» Description of the task
Copy out the full listing below as it stands, with its pictures left behind.

» Supplied data
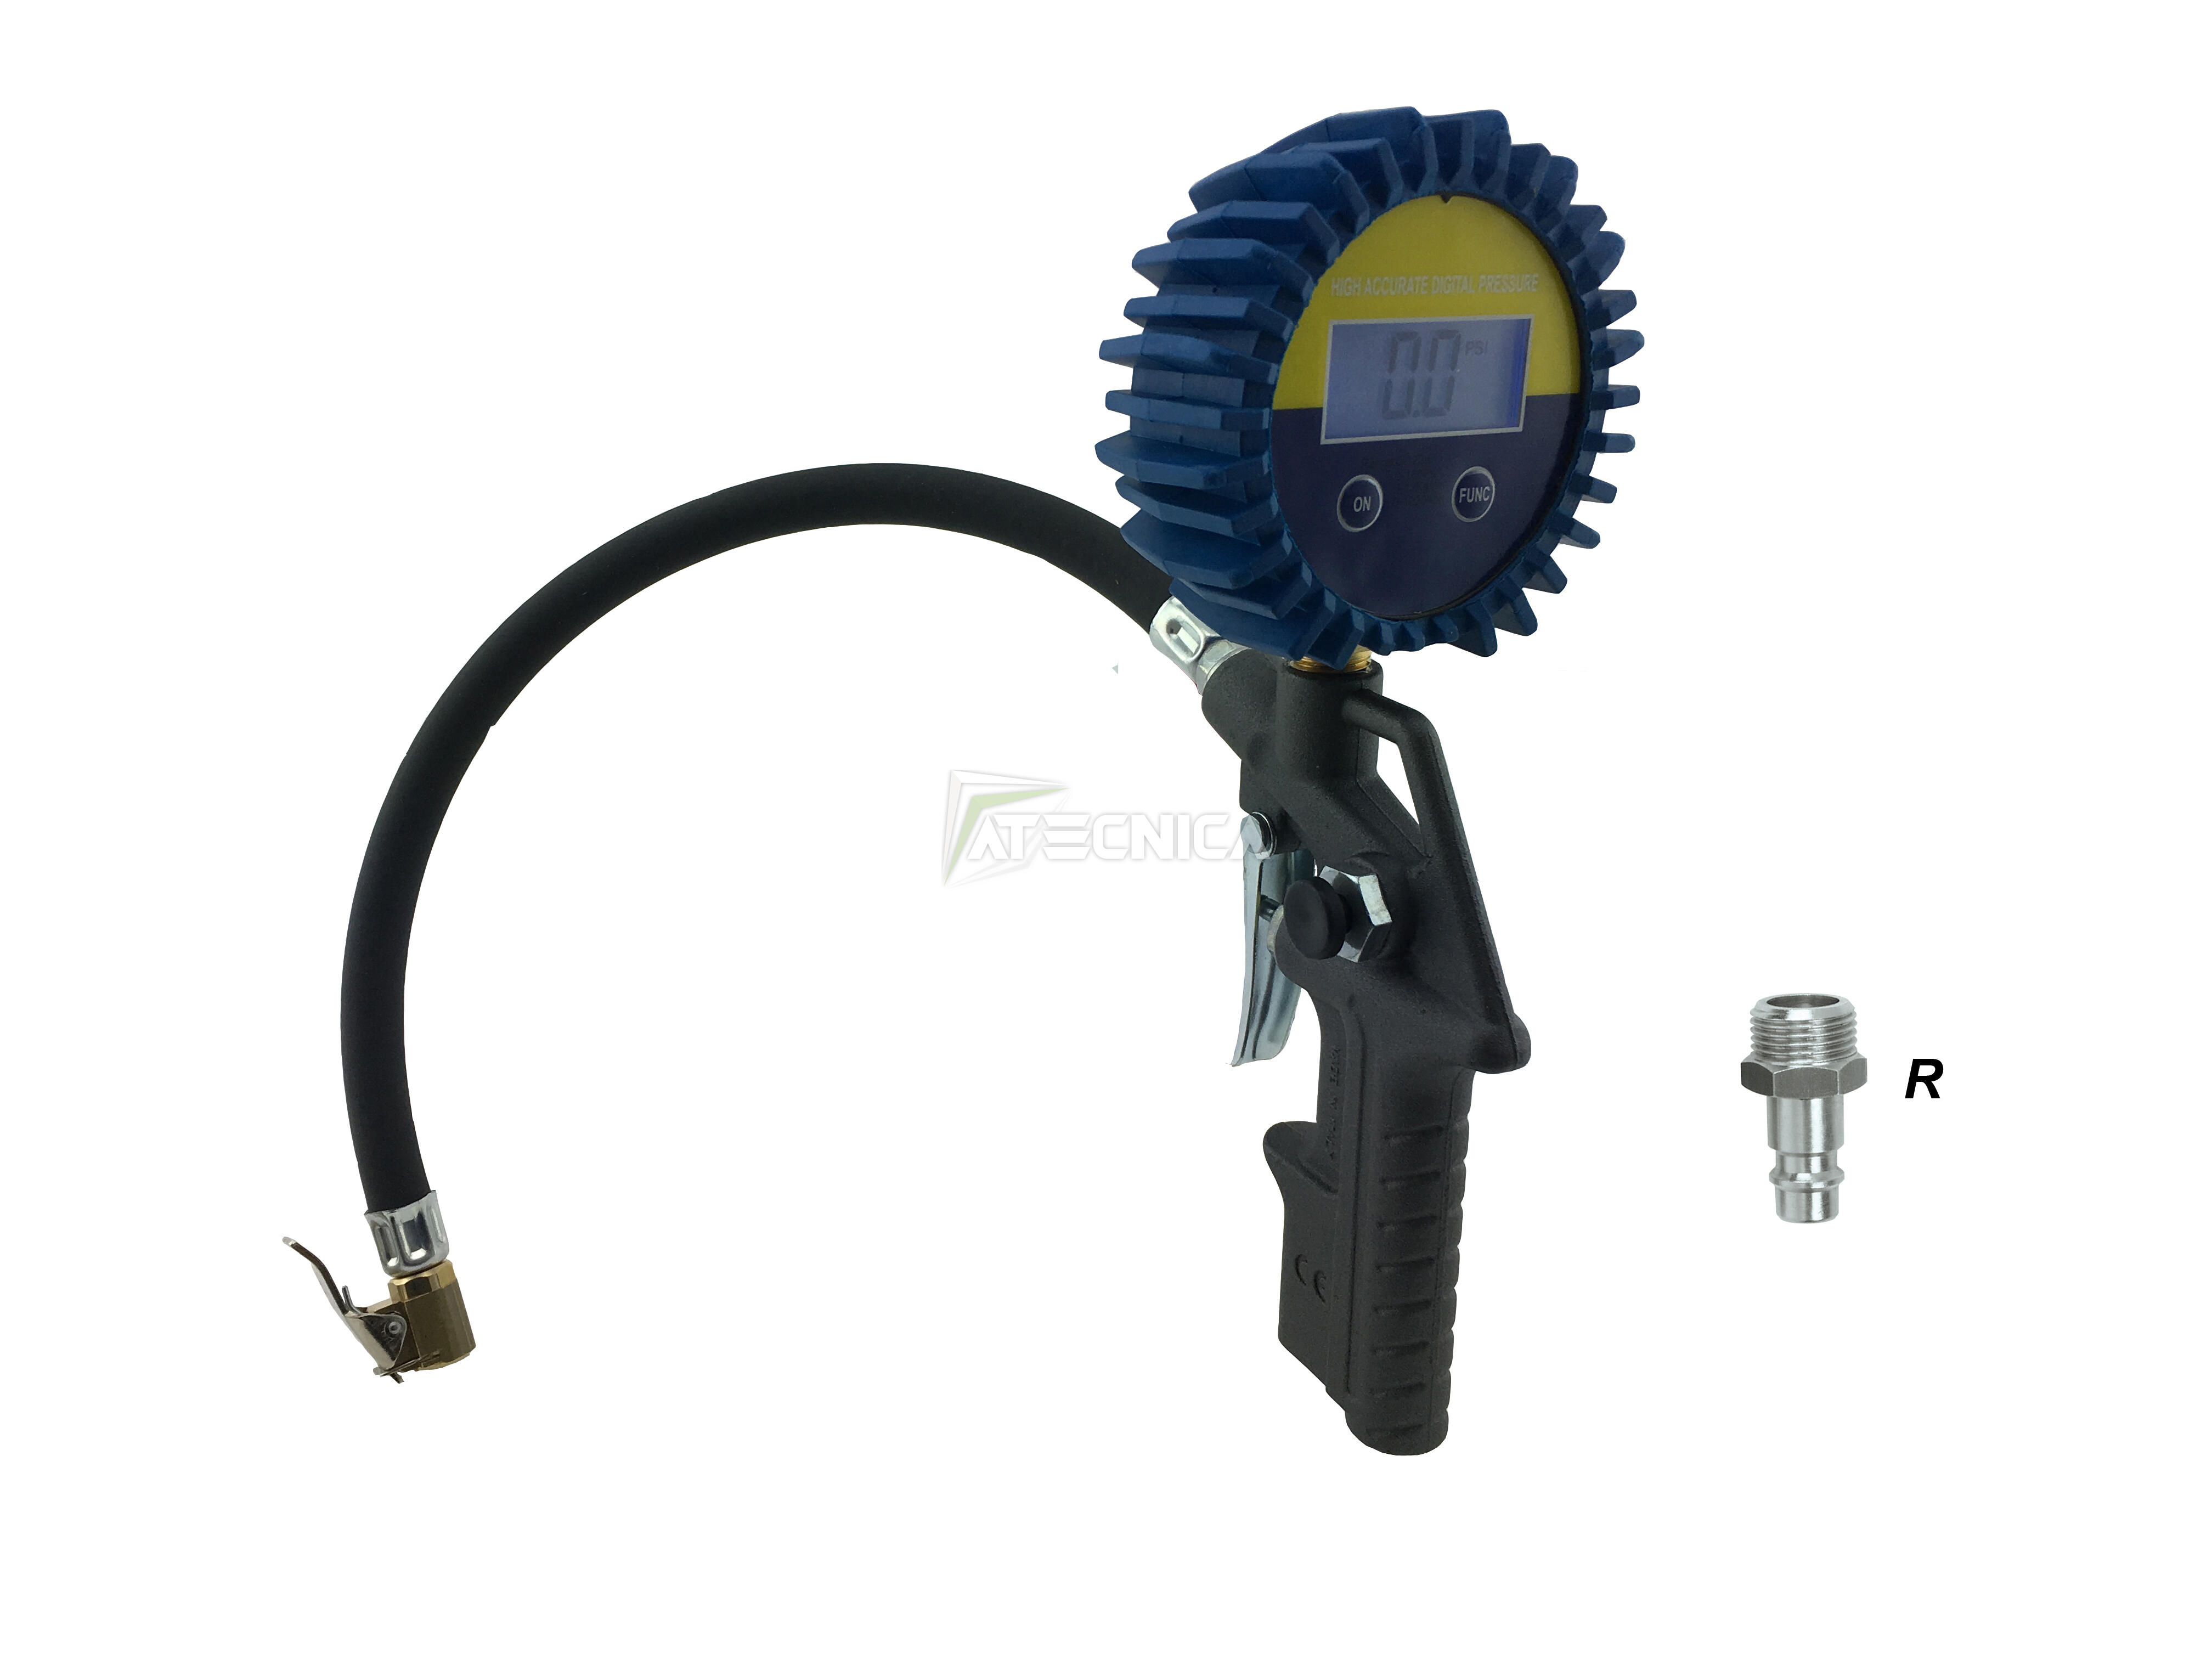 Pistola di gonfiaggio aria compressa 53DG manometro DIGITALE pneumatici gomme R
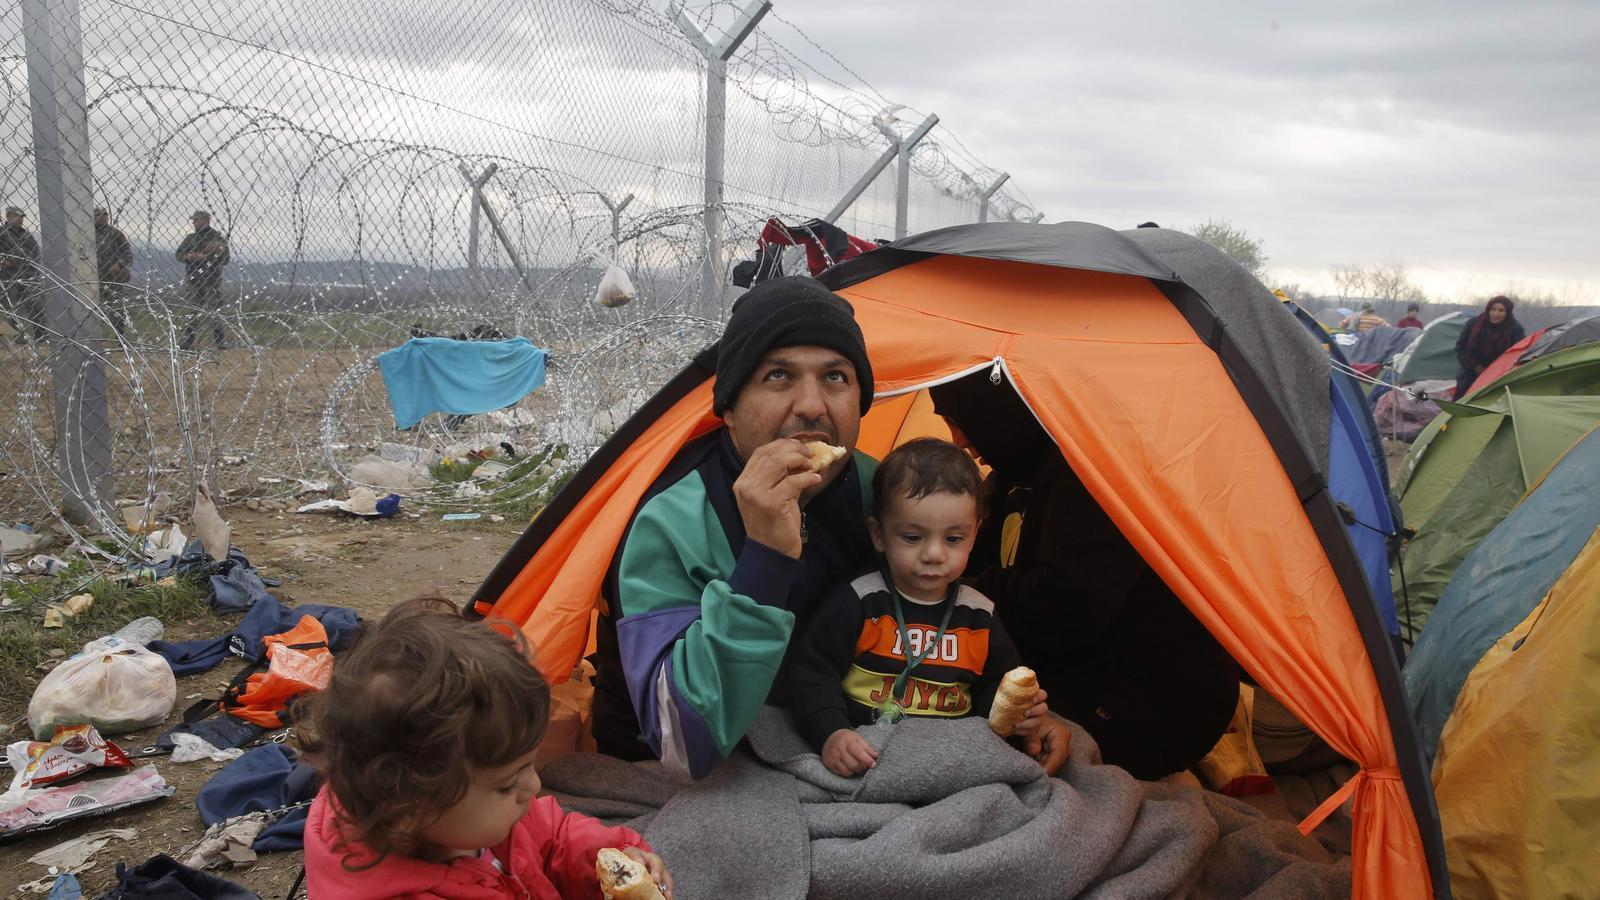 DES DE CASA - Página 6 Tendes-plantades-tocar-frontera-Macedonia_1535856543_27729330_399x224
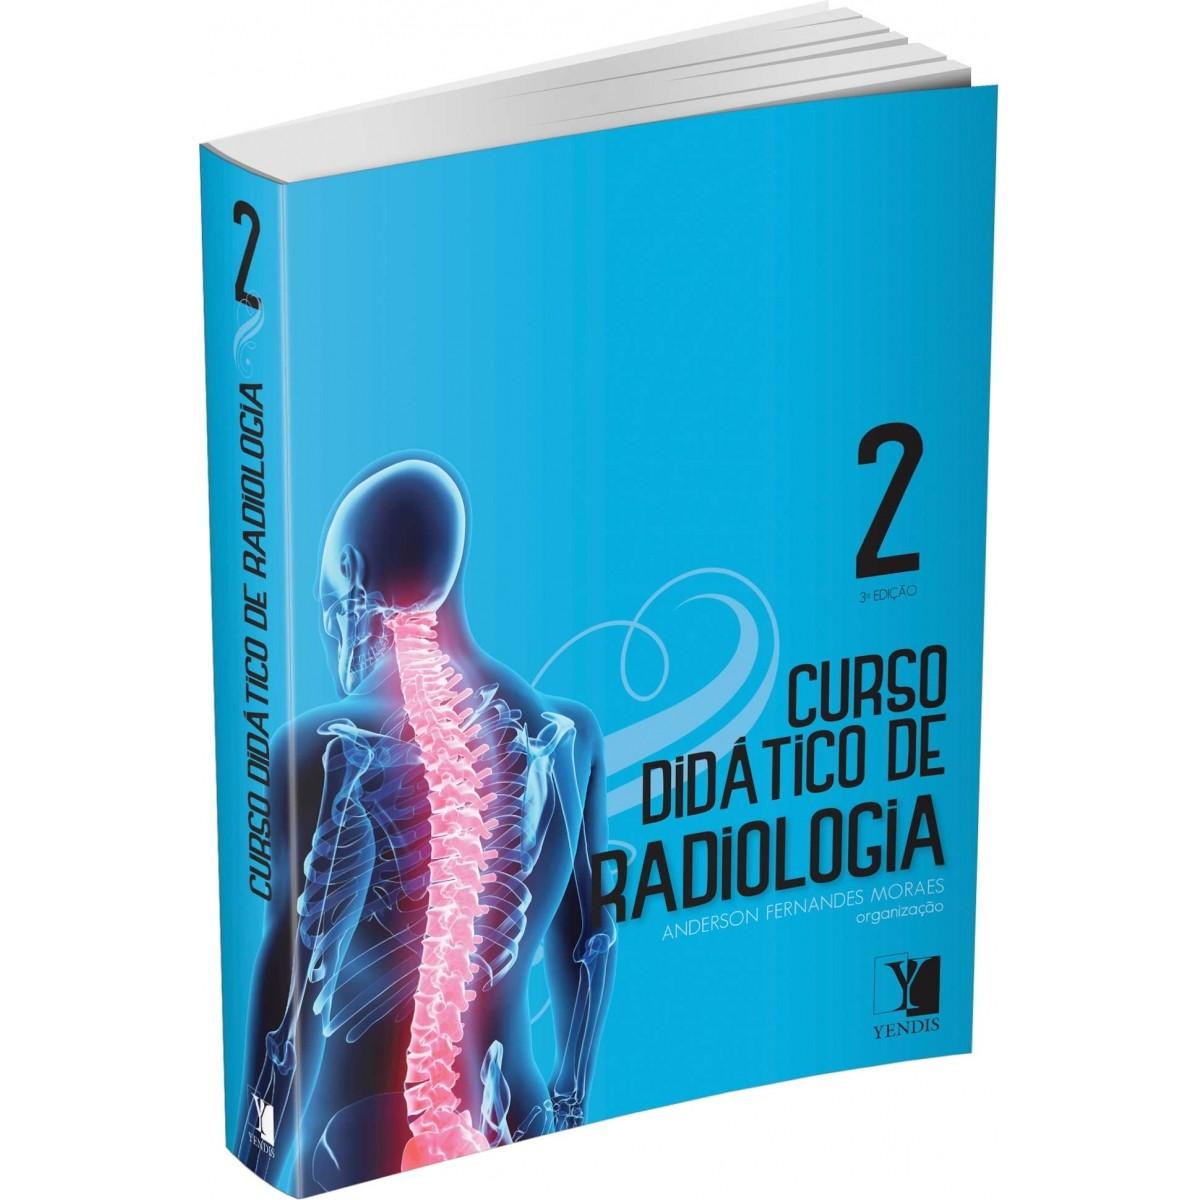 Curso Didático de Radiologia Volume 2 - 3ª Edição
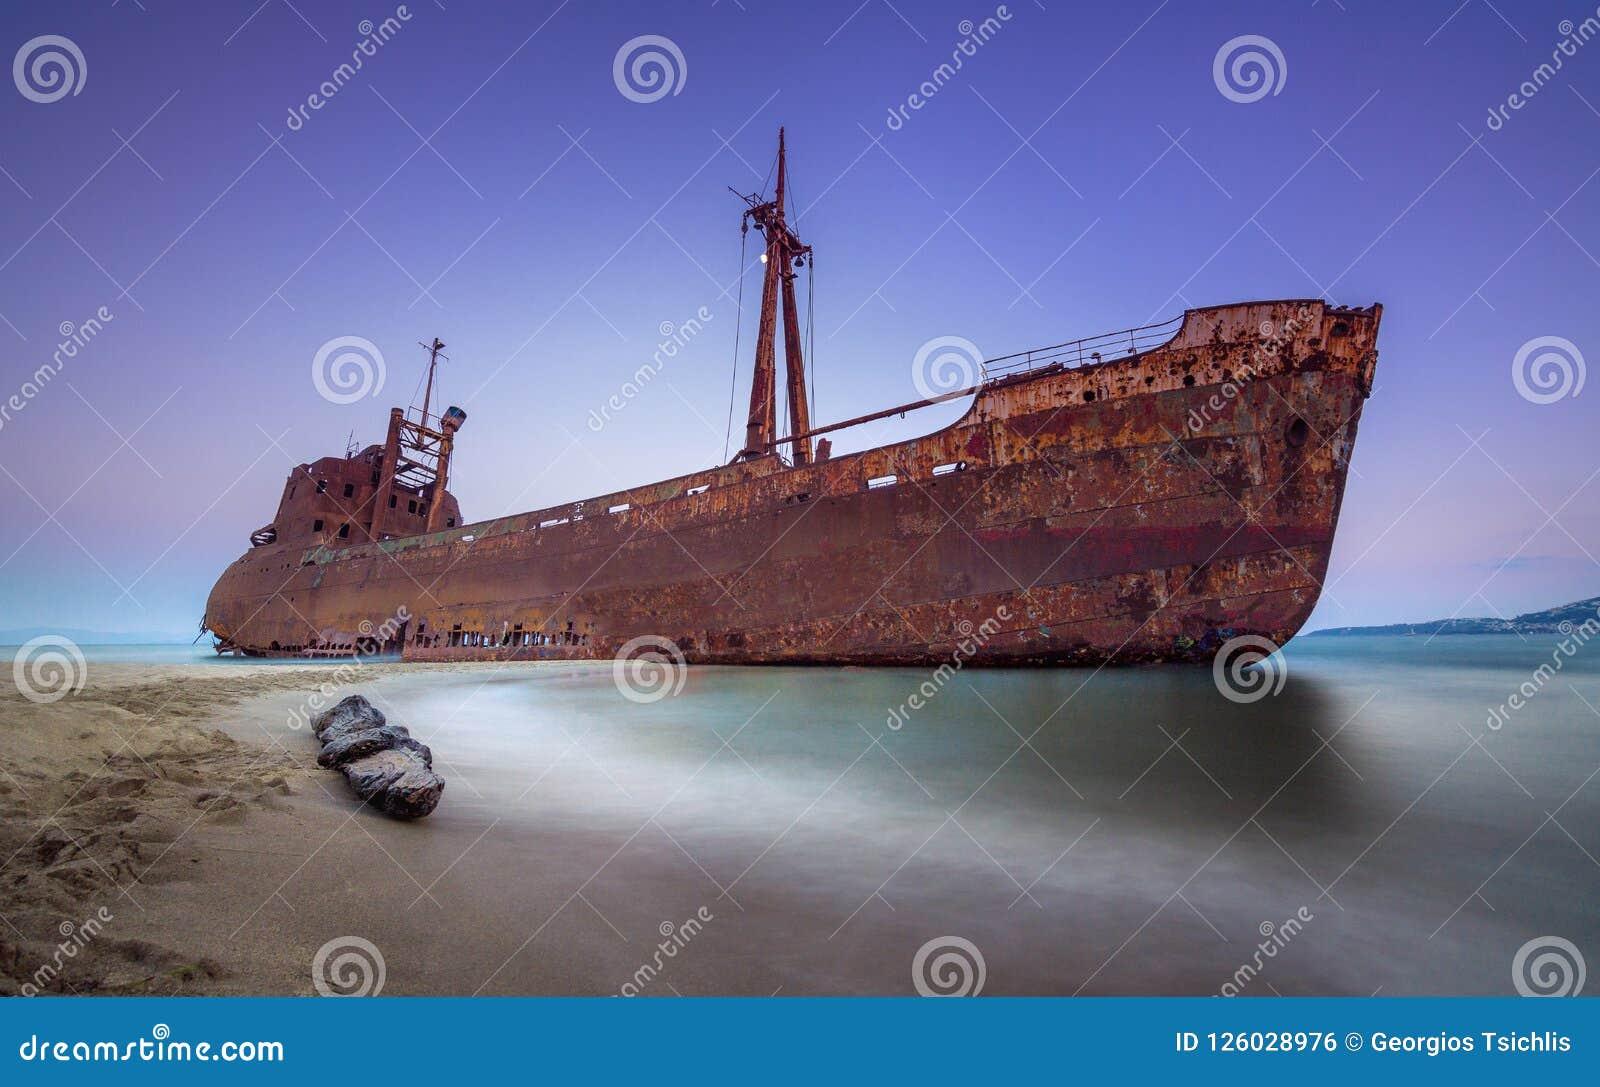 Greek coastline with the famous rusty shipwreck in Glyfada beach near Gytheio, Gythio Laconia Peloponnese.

» Answer to this task
 Pistola di gonfiaggio aria compressa 53DG manometro DIGITALE pneumatici gomme R
 DES DE CASA - Página 6 Tendes-plantades-tocar-frontera-Macedonia_1535856543_27729330_399x224
 Curso Didático de Radiologia Volume 2 - 3ª Edição
 Greek coastline with the famous rusty shipwreck in Glyfada beach near Gytheio, Gythio Laconia Peloponnese.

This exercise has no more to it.